Dean estaba sentado ante la mesa de entrada, barajando las cartas con tanta rapidez que me sorprendió que no se incendiaran, y mirando hacia la izquierda, en dirección a la puerta de mi despacho, pendiente de Percy.
—¿Es la hora? —preguntó Harry. Su larga cara equina estaba pálida, pero tenía una expresión resuelta.
—Sí —respondí—. Si vamos a hacerlo, ya es la hora. Harry hizo la señal de la cruz y se besó el pulgar. Luego se dirigió a la celda de seguridad, abrió la puerta y regresó con la camisa de fuerza.
Se la entregó a Bruto y los tres caminamos por el pasillo. Cuando llegamos junto a la mesa de entrada, Bruto escondió la camisa de fuerza a su espalda, que era lo bastante ancha para ocultarla con facilidad.

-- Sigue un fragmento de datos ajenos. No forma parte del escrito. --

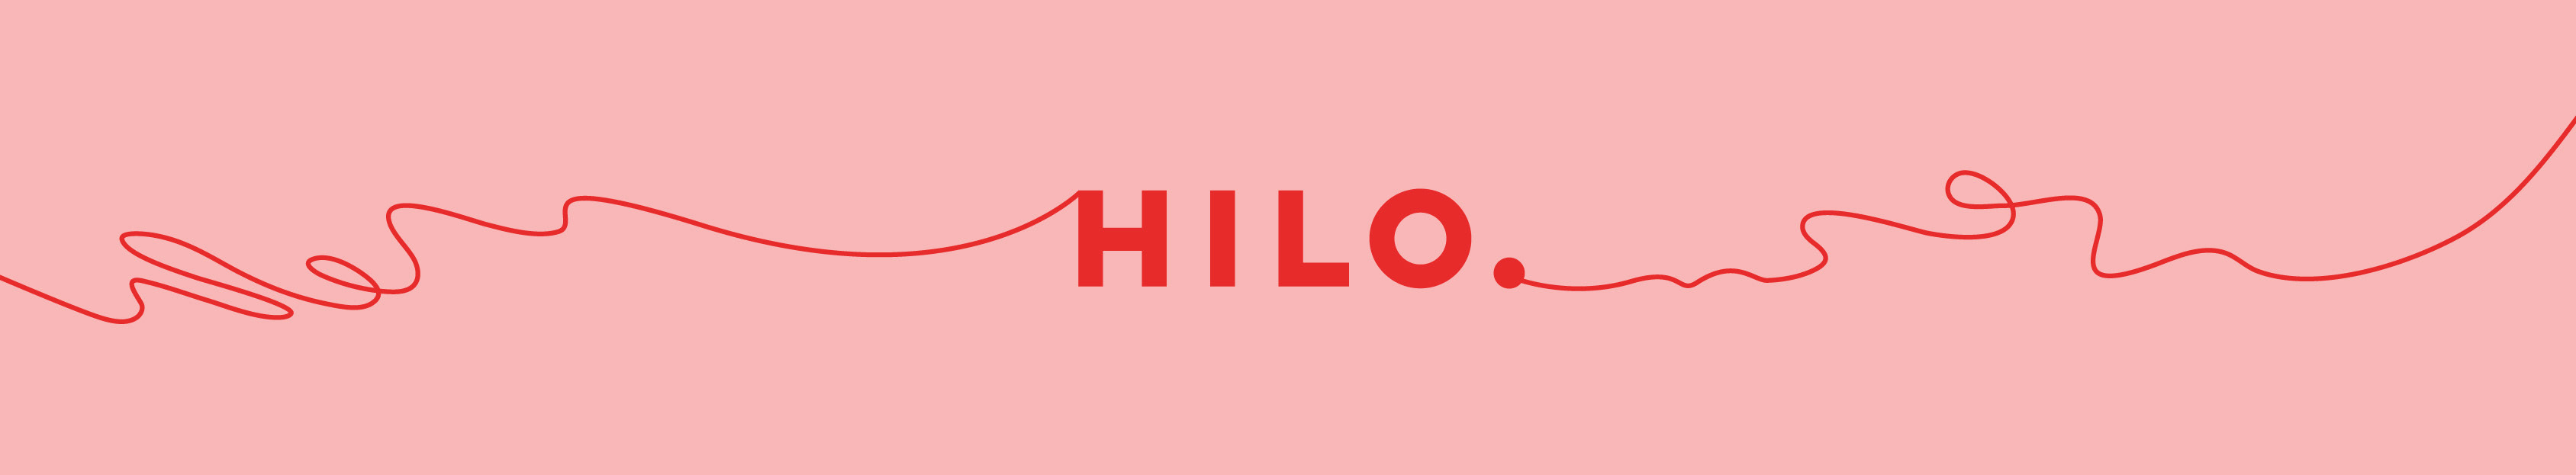 HILO .'s profile banner

—Suerte —dijo Dean. Estaba tan pálido como Harry, pero su expresión también era resuelta.
Percy se hallaba sentado en la silla de mi escritorio, leyendo el libro que en los últimos tiempos llevaba a todas partes. No era Argosy ni Stag, sino un manual titulado La atención al paciente en instituciones psiquiátricas, aunque a juzgar por la mirada de culpabilidad y preocupación que nos dirigió cuando entramos, cualquiera hubiera dicho que se trataba de Los últimos días de Sodoma y Gomorra.
—¿Qué pasa? —preguntó al tiempo que cerraba el libro—. ¿Qué queréis?
—Hablar contigo, Percy —respondí—. Eso es todo.
Pero Percy vio mucho más que un deseo de hablar en nuestras caras y, después de levantarse como un rayo, caminó deprisa, casi corriendo, hacia la puerta abierta del almacén. Suponía que íbamos a darle una buena regañina por lo de la noche anterior, quizá incluso una paliza.
Harry se colocó detrás de él y le bloqueó la puerta con los brazos cruzados en el pecho.
—¡Ehhh! —Percy se volvió hacia mí. Aunque intentaba disimularlo, era evidente que estaba asustado—. ¿Qué es esto?
—No preguntes, Percy —dije. Yo había supuesto que en cuanto nos embarcáramos en aquella locura, las cosas irían sobre ruedas, pero no fue así. No podía creer lo que estaba haciendo. Era como una pesadilla. Esperaba que mi mujer me despertara en cualquier momento y me dijese que había estado gritando en sueños—. Será mejor que no te resistas.
—¿Qué esconde Howell en la espalda? —preguntó Percy con voz entrecortada, volviéndose para mirar mejor a Bruto.
—Nada —respondió Bruto—. Bueno… sólo esto.
Le enseñó la camisa de fuerza y la sacudió contra su cadera, como un torero que agita la capa para animar al toro.
Percy abrió desorbitadamente los ojos y dio un salto. Intentó huir, pero Harry lo cogió de los brazos, impidiéndoselo.
—¡Suéltame! —gritó Percy, luchando infructuosamente por liberarse. Harry pesaba al menos cincuenta kilos más que él y tenía los músculos de un hombre acostumbrado a arar y cortar leña.
Sin embargo, Percy se movió con suficiente fuerza para arrastrarlo hasta el otro extremo de la habitación, levantando el pelo de la alfombra verde que nunca me decidía a cambiar. Por un instante creí que iba a conseguir soltar un brazo… El pánico puede ser un poderoso incentivo.
—Cálmate, Percy —dije—. Todo irá mejor si…—No me diga que me calme, bestia —gritó Percy mientras levantaba los hombros en un intento por liberar los brazos—. ¡Apartaos de mí! Conozco a gente importante, y si no me soltáis de inmediato acabaréis en Carolina del Sur, comiendo la sopa boba en un albergue.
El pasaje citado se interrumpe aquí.